We set out to analyze the findings of our usability tests to identify different types of usability problems. In our data-based analysis, we were able to distinguish a set of categories, which differ from each other in terms of how they manifest themselves and how the problems can be addressed in further software development. The number of findings in each category and division of those into usability and utility issues indicate that formative usability tests conducted with open task approach measure equally well utility, “what the product should do”, and usability, “how the product is operated”. Despite our similar interpretation of distinction between utility and usability, our results are inconsistent with the findings by [12]. Currently, our best guess for the inconsistency is that open test tasks produce more utility related findings than predefined test tasks, which were presumably applied in their study. In addition, the early stages of the development in our tests may have brought out more utility problems.

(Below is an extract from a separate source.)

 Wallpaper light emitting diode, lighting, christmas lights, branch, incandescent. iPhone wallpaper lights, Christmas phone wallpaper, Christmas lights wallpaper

The utility related problem types are very context-dependent and rely heavily on the procedure of testing with real users in actual usage context. This is positive in a sense that the fit of the proposed system to the actual usage patterns and needs can be verified within the tested context. However, the generalizability of the results to different usage situations and contexts is compromised. One interesting aspect of our findings was the relatively high amount of problems and categories that demand further exploration of the work patterns and contexts of the users (Missing, Unexplored, Problematic and Misaligned cover 45 % of the problems). Especially interesting is the type of finding where an attribute of the tested system is potentially beneficial but works only if the work patterns and organization of work are radically changed (Misaligned). This leads to situations where the design team might not have the power or even right to make decisions about whether the system or organization of work should be changed. This highlights the necessity of software developers’ cooperation with the users on different levels in order to realize the full potential of new information systems design.

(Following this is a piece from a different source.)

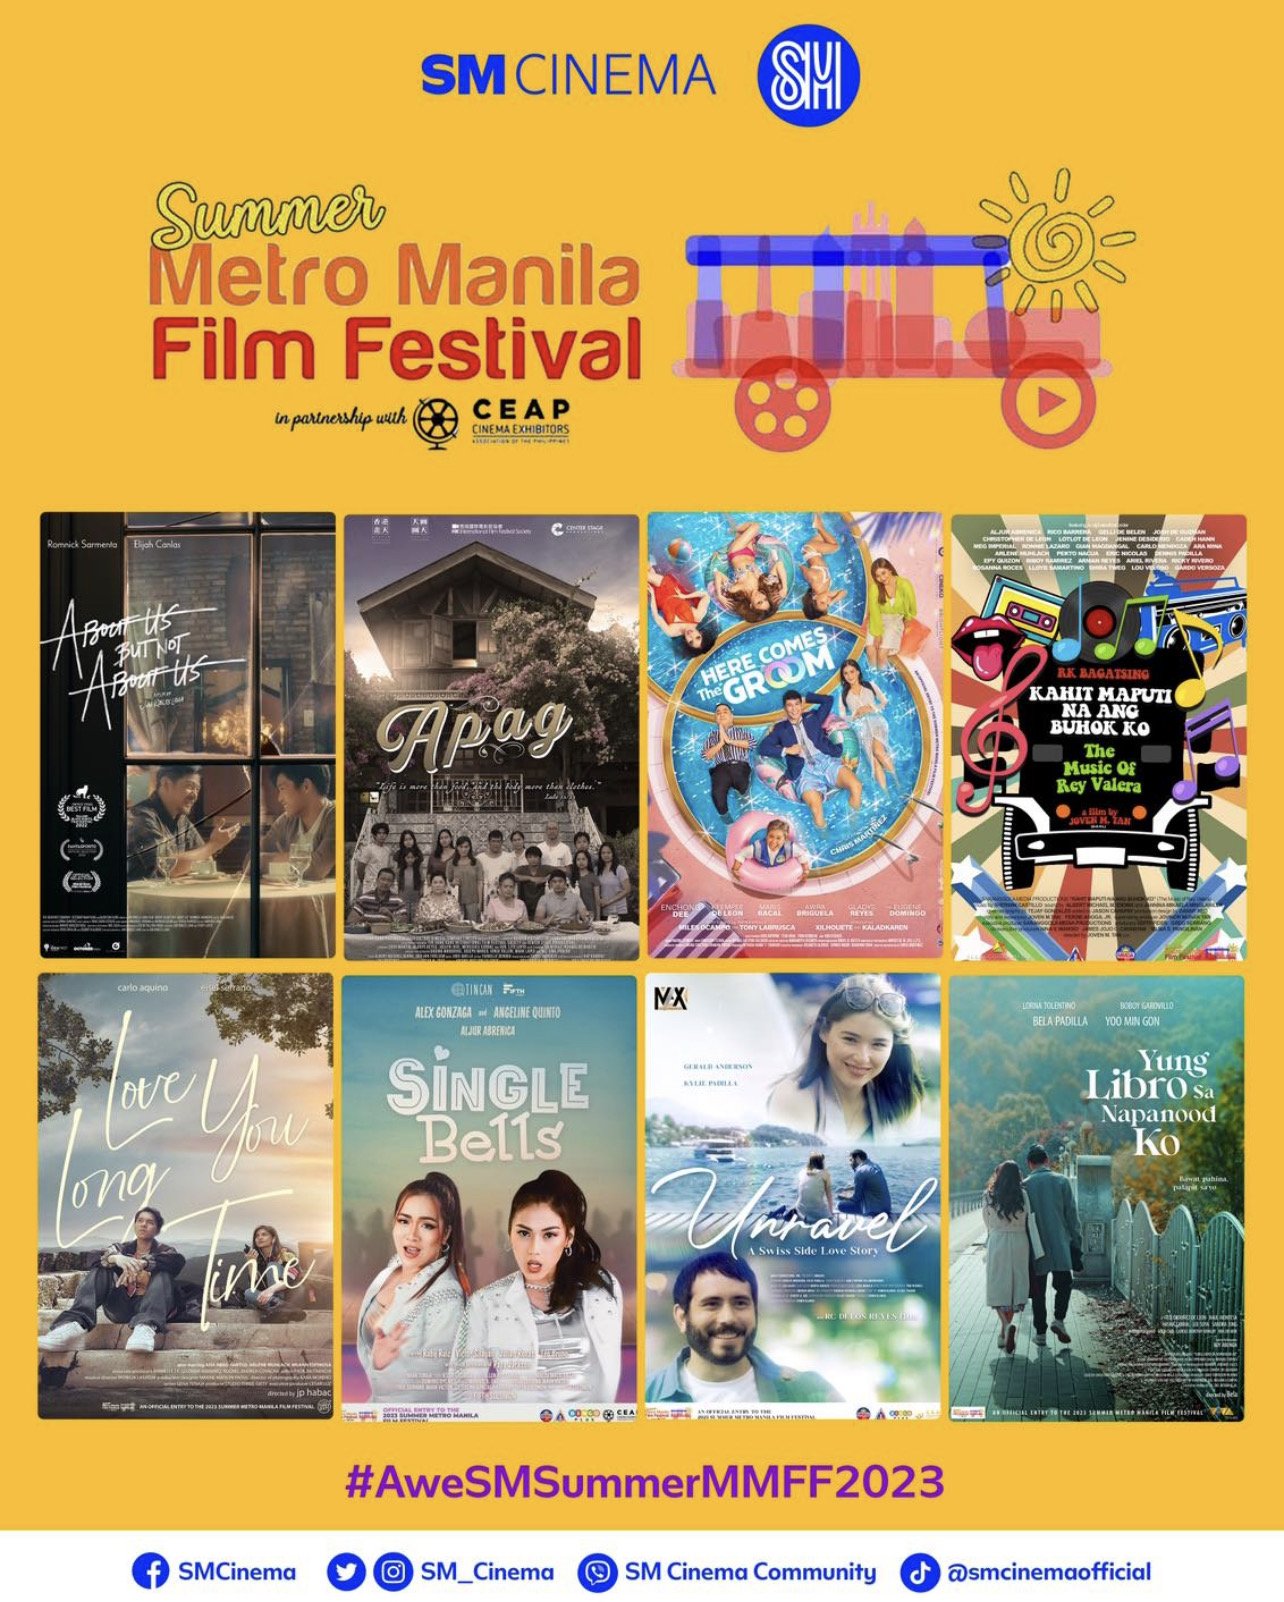 Catch the 1stever Summer Manila Film Festival at SM Cinemas Pampanga

Our findings add to the recently started development of utility evaluation methods as well as theoretical discussion of researching utility distinct from usability (see [20]). In addition, problem classifications and their potential feedback for design are again being upgraded [10, 21, 32]. One of the benefits of this research for HCI practitioners lies in the clarification of which issues can be improved by redesigning the systems and which would be better addressed by changing the work patterns or the social/organizational constructs where the systems are to be used. The distinction of usability and utility problems will help making such design decisions.

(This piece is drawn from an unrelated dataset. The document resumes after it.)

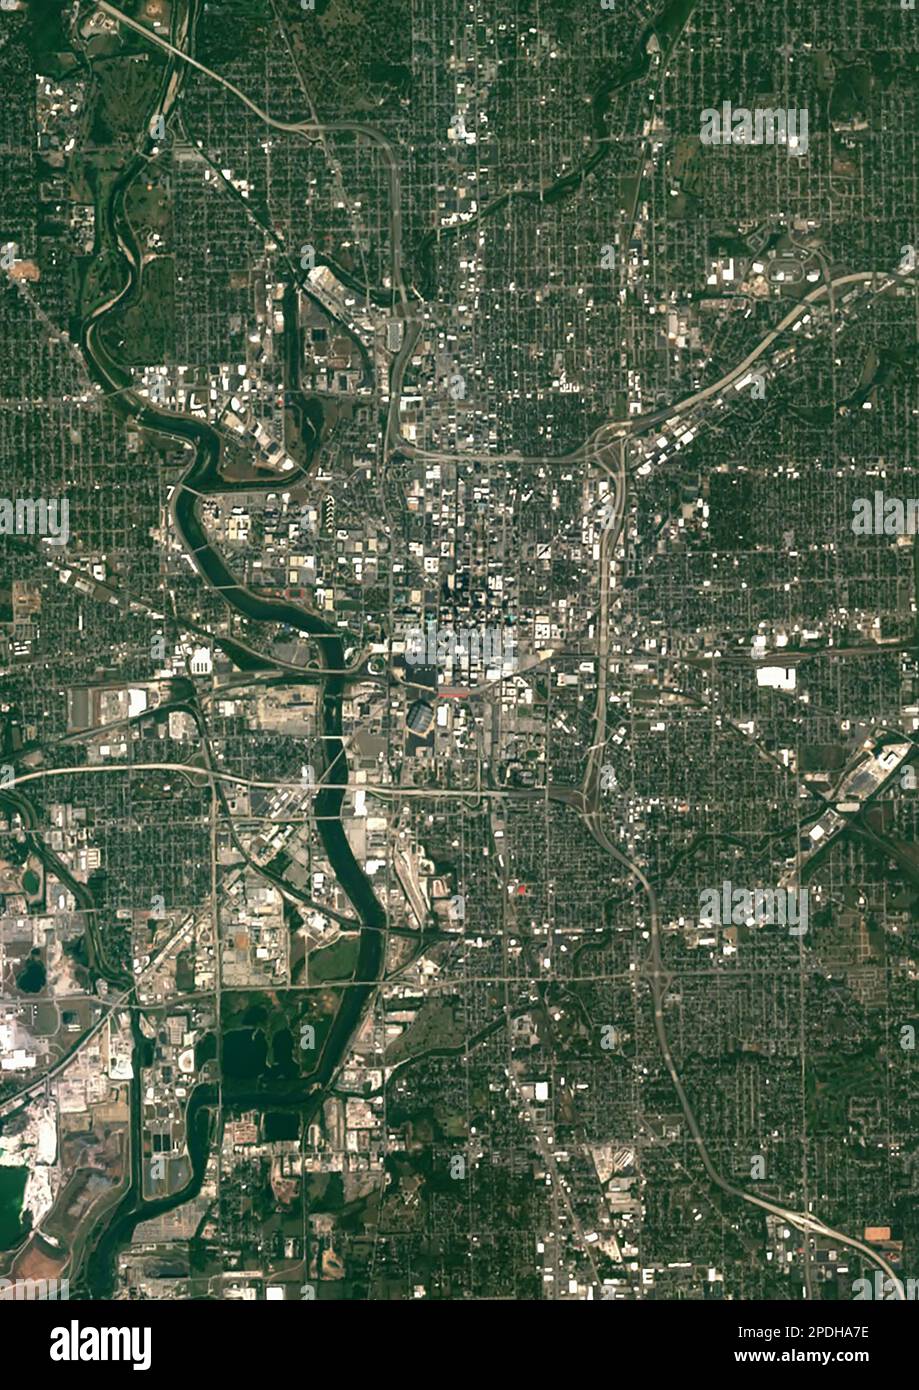 Indianapolis Indiana Usa Satellite Image 2PDHA7E

The prototypes tested were all employer-provided professional systems, i.e. their use is not voluntary for the user and the higher level goals of usage are set by the employing organizations and not the users themselves. Furthermore, the systems and their usage can be seen as complex in a sense that the order and desired outcome of system tasks can vary (see [33]). In this type of environment the majority of found problems are utility-related, suggesting that the development and requirements elicitation methods used previously in the design process do need support from this form of testing (45 % of our findings denote lack of knowledge of the context of use). On the other hand, the context may also be a threat to the validity of the developed categories and the overall study as the complexity of the use context may lead to an exceptional number of utility related problems. Furthermore, the evaluator effect is present in a usability study [34], which implies that the following design recommendations have no scientifically constructible relation to observed problems. This is a validity and reliability problem of not only this research but all practical usability evaluations. The validity and reliability of the categories should be tested with more evaluators, different empirical data and formal methods. Moreover, in the future, we consider it important to study how the problem categories are valued in design, what are the practical benefits to, and how feasibly the categories can be exploited in the design process.